The requirement for pre-hospital practitioners such as emergency medical technicians, paramedics and advanced paramedics, to perform additional interventions is ever-increasing. In Ireland, the training of pre-hospital practitioners is currently developing and evolving to meet this demand.
Simulated scenarios during basic paramedic training focus mainly on teaching practitioners how to implement the Pre-Hospital Emergency Care Council Clinical Practice Guidelines (PHECC, 2012). These scenarios are normally of low fidelity reflecting a low level of realism and often delivered in a classroom environment. Road traffic collisions and other outdoor scenarios are conducted in car-parks or other outdoor spaces using student paramedic peers as role-players. The training of advanced paramedics ideally requires the use of patient simulators with the capability to simulate more advanced interventions including; advanced airway management, intravenous administration of medication and fluids, and intraosseous catheter insertion (Figures 1 and 2).
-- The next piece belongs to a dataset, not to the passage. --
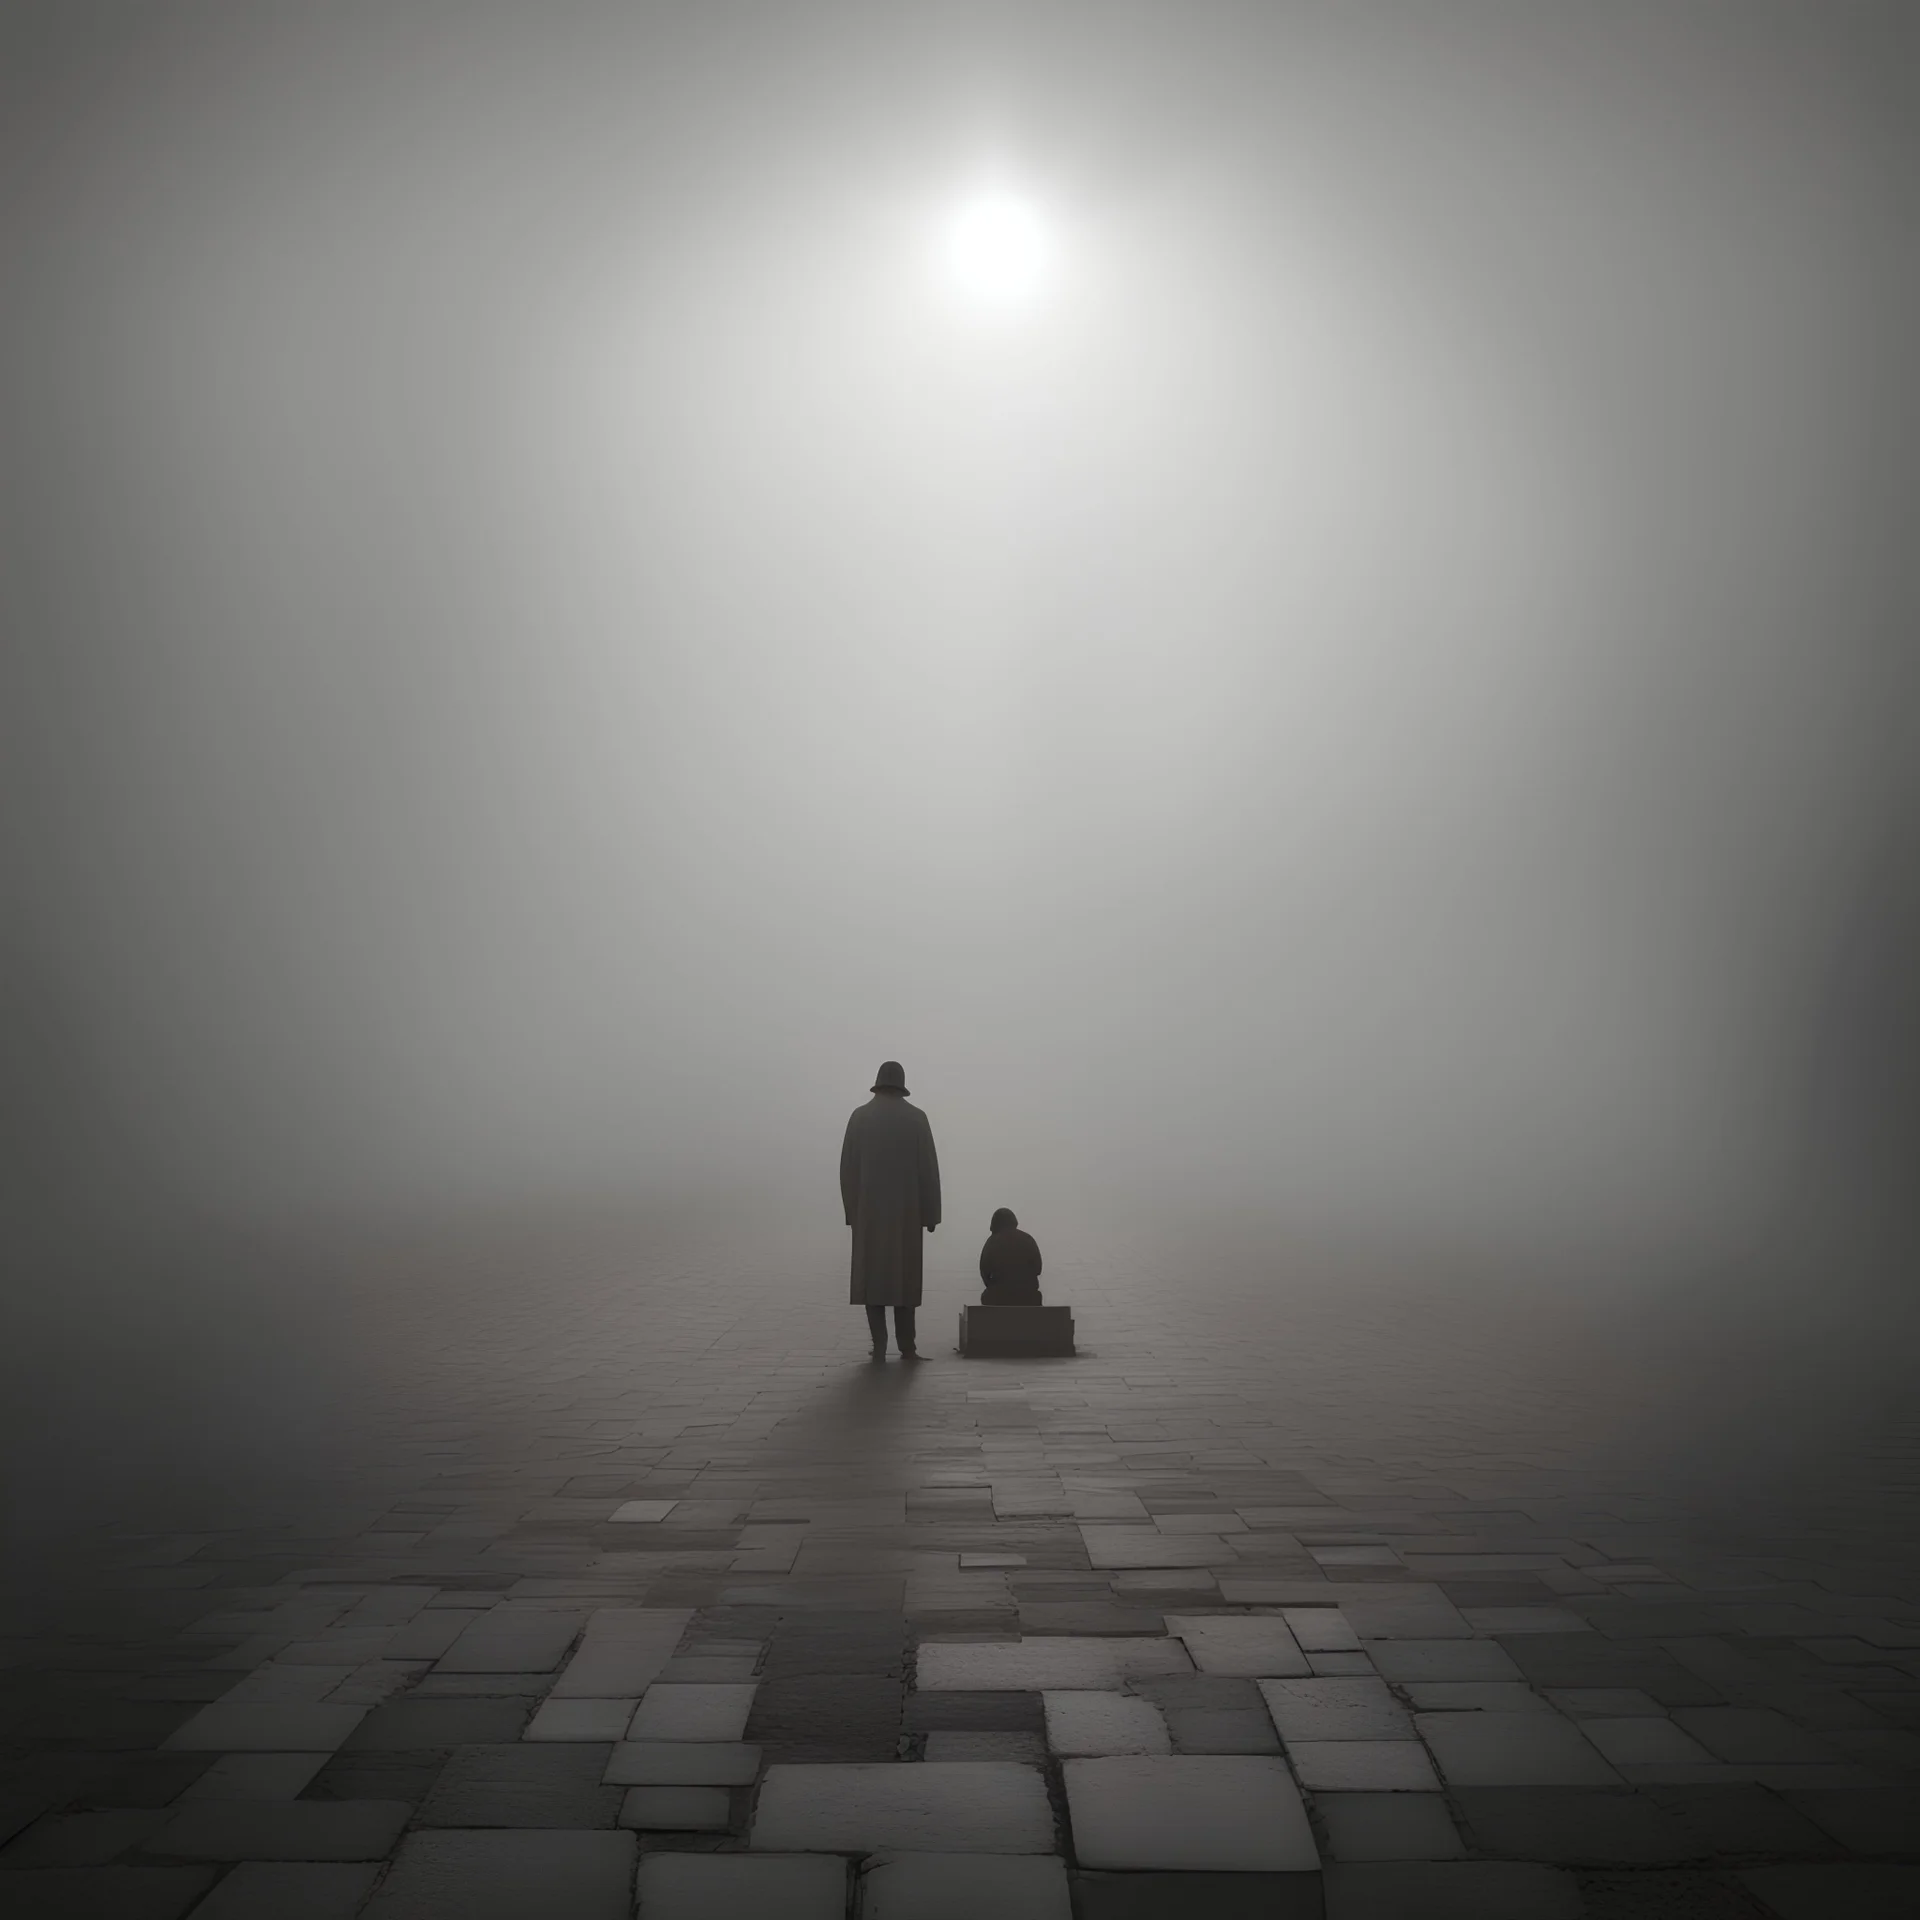 нищая,молится,площадь,туман,яркий свет

At present, there is no formal allocation of continuous professional development points awarded to any paramedical training in Ireland. Other than mandatory up-skilling to changes in PHECC Clinical Practice Guidelines, there is no opportunity for pre-hospital practitioners to enter a simulated learning environment and, in general there is a lack of any continuous, structured post-graduate training.
Although paramedic training has used simulation for many years as a training tool, it has mainly focussed on acquisition of clinical skills using part-task trainers and not high-fidelity team-based training (Alinier, 2010). Hall et al (2005) compiled a study of the success rate of endotracheal intubation (ETI) in paramedic students comparing learning the skill on humans versus a human patient simulator. The study showed success was equivalent in both groups, and they proposed that patient simulators should be considered as a useful addition for teaching ETI. They also highlighted that emergency physicians receive more training in airway management than paramedics, despite paramedics intubating in more challenging conditions. Often simulation in paramedic training has been used as an assessment tool to measure skill acquisition by using a part-task trainer and Objective Structured Clinical Examinations (OSCE) (Jones et al, 2011).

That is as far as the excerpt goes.